The method 1 has also passed various experimental tests for sensitivity, i.e. valid multiple response to several reagents 11 realized by antigens, and for specificity, as no false positives were detected in the population examined. Moreover, in the field of transfusion, the possibility of implementing the method 1 is of considerable advantage to laboratories for this purpose, with a considerable reduction in costs both related to personnel and costs related to diagnostic reagents. In the field of hospital medicine, screening at the time of admission would be reintegrated and/or expanded with a lower cost.

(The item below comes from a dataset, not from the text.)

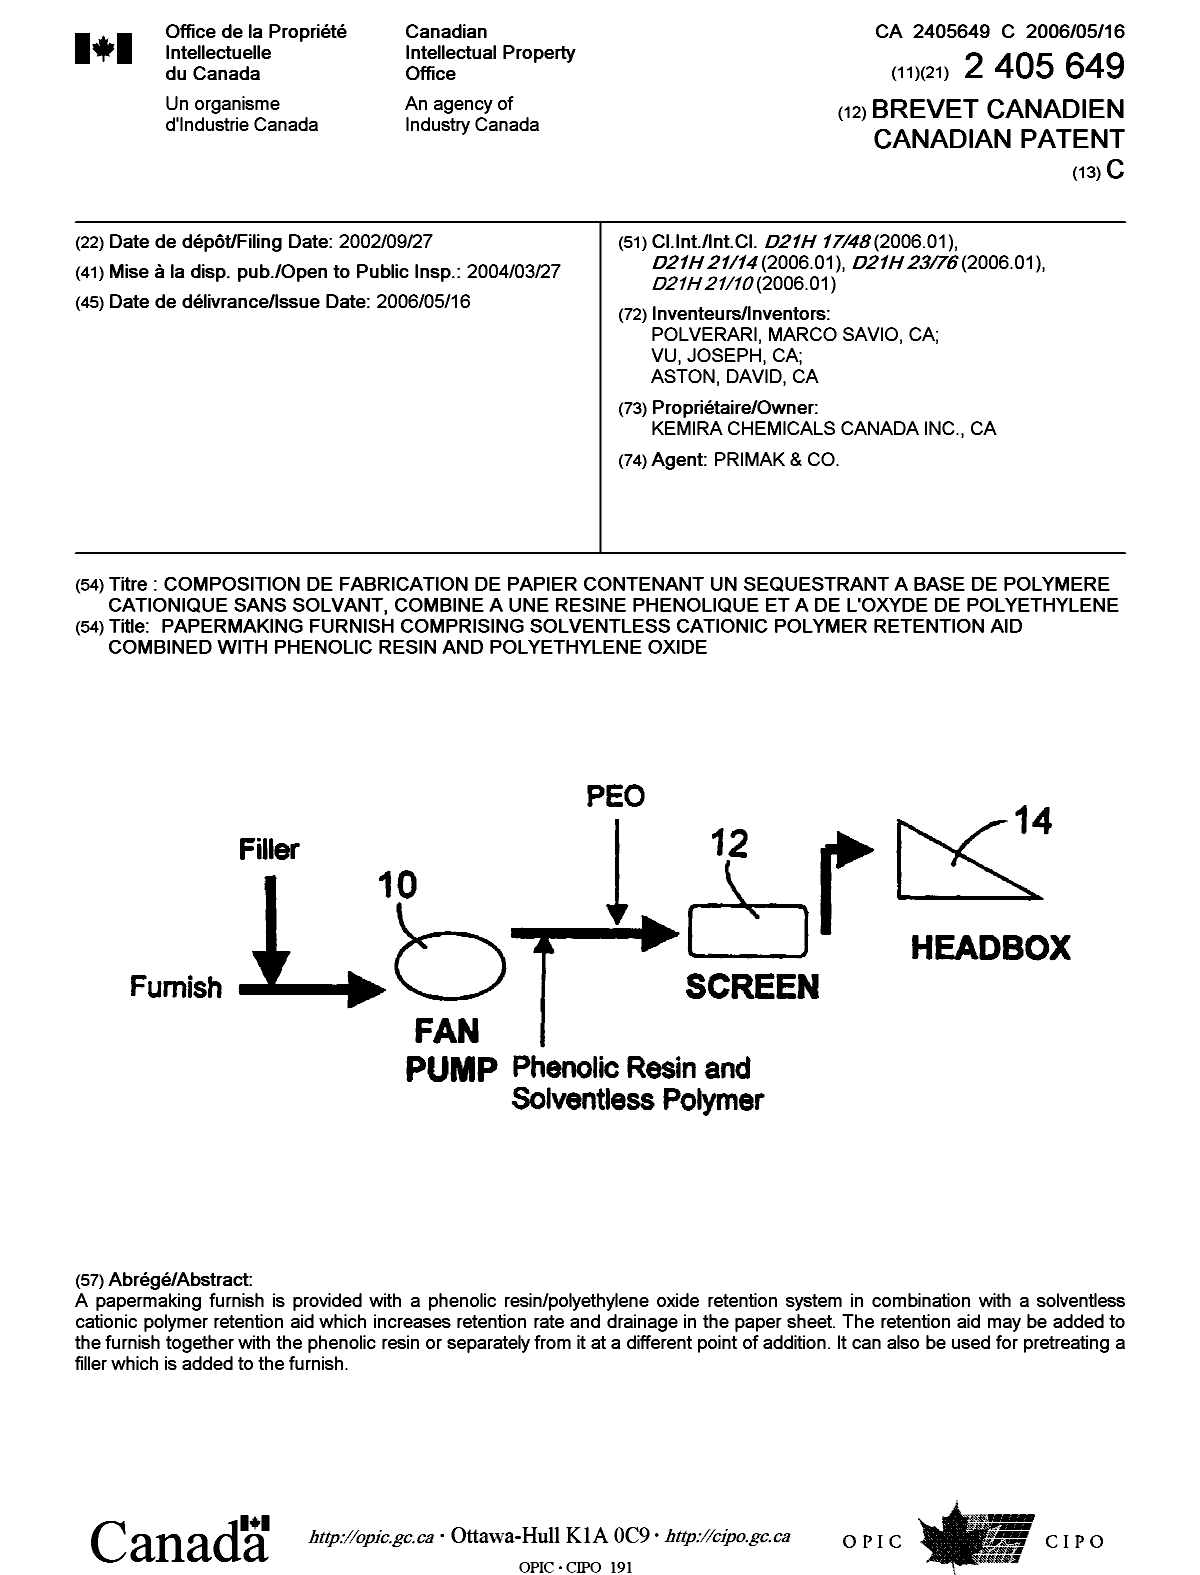 Document de brevet canadien 2405649. Page couverture 20060421. Image 1 de 1

Private laboratories would also benefit, as they could reorganize their activities, first implementing the test method according to the present invention and only subsequently, in the event of the patient testing positive, searching for the specific positive marker or markers.

As already stated, with this type of test screening during pregnancy suitable to exclude invalidating infectious diseases of the unborn child would be greatly simplified and encouraged. The potentials of the test system according to the present invention offer a range of solutions which, once implemented, will be able to help to solve the many requirements of reduced cost, ease of use and rapidity.

Claims

1. A method for performing a test for infectious diseases on body fluids realized by an immunochemical assay suitable to detect the presence of a substance by means of its reaction with antibodies or antigens, characterized in that it comprises a preparatory step

(2) during which a plurality of different reagents (11), suitable to diagnose different infections, are placed inside a single container (10).The method according to claim 1, wherein said test for infectious diseases on body fluids is realized by an ELISA test.

3. The method according to one or more of the preceding claims, wherein said reagents (11) are antigens.

4. The method according to one or more of claims 1 and 2, wherein said reagents (11) are antibodies.

5. The method according to one or more of the preceding claims, wherein said reagents (11) are suitable to diagnose HIV, HCV, Treponema p.

6. The method according to claim 5, wherein said reagents (11) are also suitable to diagnose Hepatitis B.

7. The method according to claim 5 or 6, implemented in particular geographical areas, wherein said reagents (11) are also suitable to diagnose infections highly endemic in said particular geographical areas.

8. The method according to one or more of the preceding claims, wherein said reagents (11) are suitable to diagnose infections to be checked for during pregnancy.

9. The method according to one or more of the preceding claims, wherein said reagents (11) are suitable to diagnose an infection which can be caused by an agent or by relative mutants.

10. A kit for performing a test for infectious diseases on body fluids realized by an immunochemical assay suitable to detect the presence of a substance by means of its reaction with antibodies or antigens, comprising a plate (20) containing a plurality of containers (10) realized by wells and characterized in that each of said containers (10) contains different reagents (11) suitable to diagnose a plurality of different infections.